While some are aware that on September 10, 1912, marked the cutting down of the first ceremonial tree by Clinton Walker and W.B. Carlin on what would be site of Westwood. On the surface, it seemed like a jubilant occasion. However, unbeknowst to the outside world was the Walker family feud, and the location of Westwood, was one of many issues at hand. Patriarch T.B. Walker was caught in a dilemma. After all, it was his dream that the California operations were to be run entirely on their own, hoping they would achieve the same success he did when he founded the Red River Lumber Company in Minnesota. While tempers flared an ambitious building program was implemented. On July1, 1913 some 450 buildings had constructed in this new town in the wilderness.

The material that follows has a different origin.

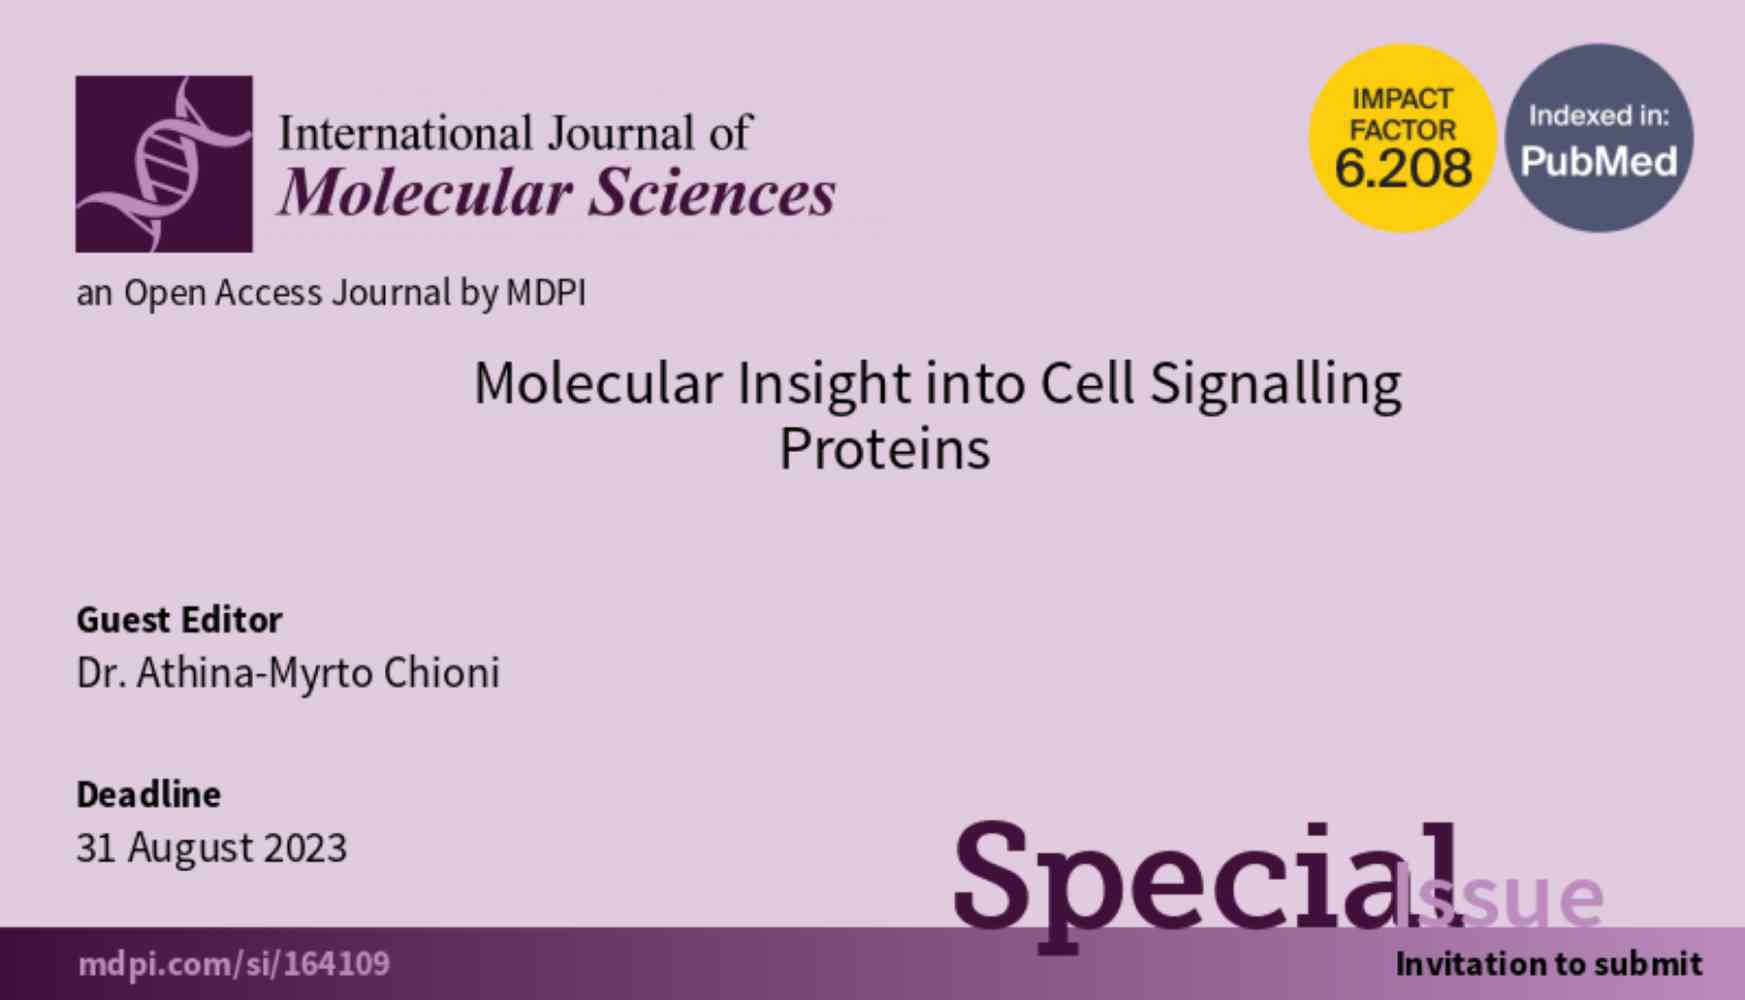 Guest Editor for a Special Issue in IJMS - "Molecular Insight into Cell Signalling Proteins"

In 1891, Congress made revisions to land acts, one of which was the foundation for the creation of national forests. It would take considerable time before it had a ripple effect locally. In 1905 witnessed the creation of the Diamond Mountain Forest Reserve by Congress. Initially, it had little impact on the region, as the government was still tweaking the process. In time, the first two biggest impacts were (1) forest lands were removed from the federal land patent process and (2) the agricultural community, i.e., livestock operators were in for a rude awakening when not only grazing permits were implemented, but fees too! In an interesting turn of events, it was the livestock operators from Tehama County, that fell the brunt of the forest reserve, since these properties they had used for years for summer grazing, that found mutual ground. In a co-operative effort the forest reserve and Tehama stockmen, help build a telephone line. This aided the stockmen who could connect with their tenders, and for the forest reserve it was their earliest method for fire reporting.
A footnote: In 1907, the Diamond Mountain Forest Reserve, with boundary changes became the Lassen National Forest. The headquaters was located at Red Bluff.
The town came into existence in 1931 when it became the connecting point of the Great Northern and Western Pacific Railroads. The first name proposed was Big Valley City by Byron S. Greenwood, the promoter of the new town. When the Postal Department received Greenwood’s petition for a post office for the town, they denied the name. The Department had adopted a policy against three word names. The Great Northern designated their new station as Bieber, though the town of Bieber was located two miles northeast. It was suggested to call it West Bieber, but that name did not find acceptance and finally the name Nubieber was chosen. On July 4,1931, a patriotic celebration was held. Mrs. A.W. Peterson, President of the Ladies Pioneer Club, gave a brief speech and then introduced Miss Vivian Goddard who christened the townsite of Nubieber by breaking a bottle of wine over the entrance sign. Nubieber, like so many speculative railroad communities, never reached the expectations of its promoters. In 1940, Greenwood traded all his unsold lots, (the vast majority of the town that encompassed 250-acres), along with his adjoining 630-acre ranch, to E.L. Robertson of San Francisco, for a 60-room apartment building in San Francisco.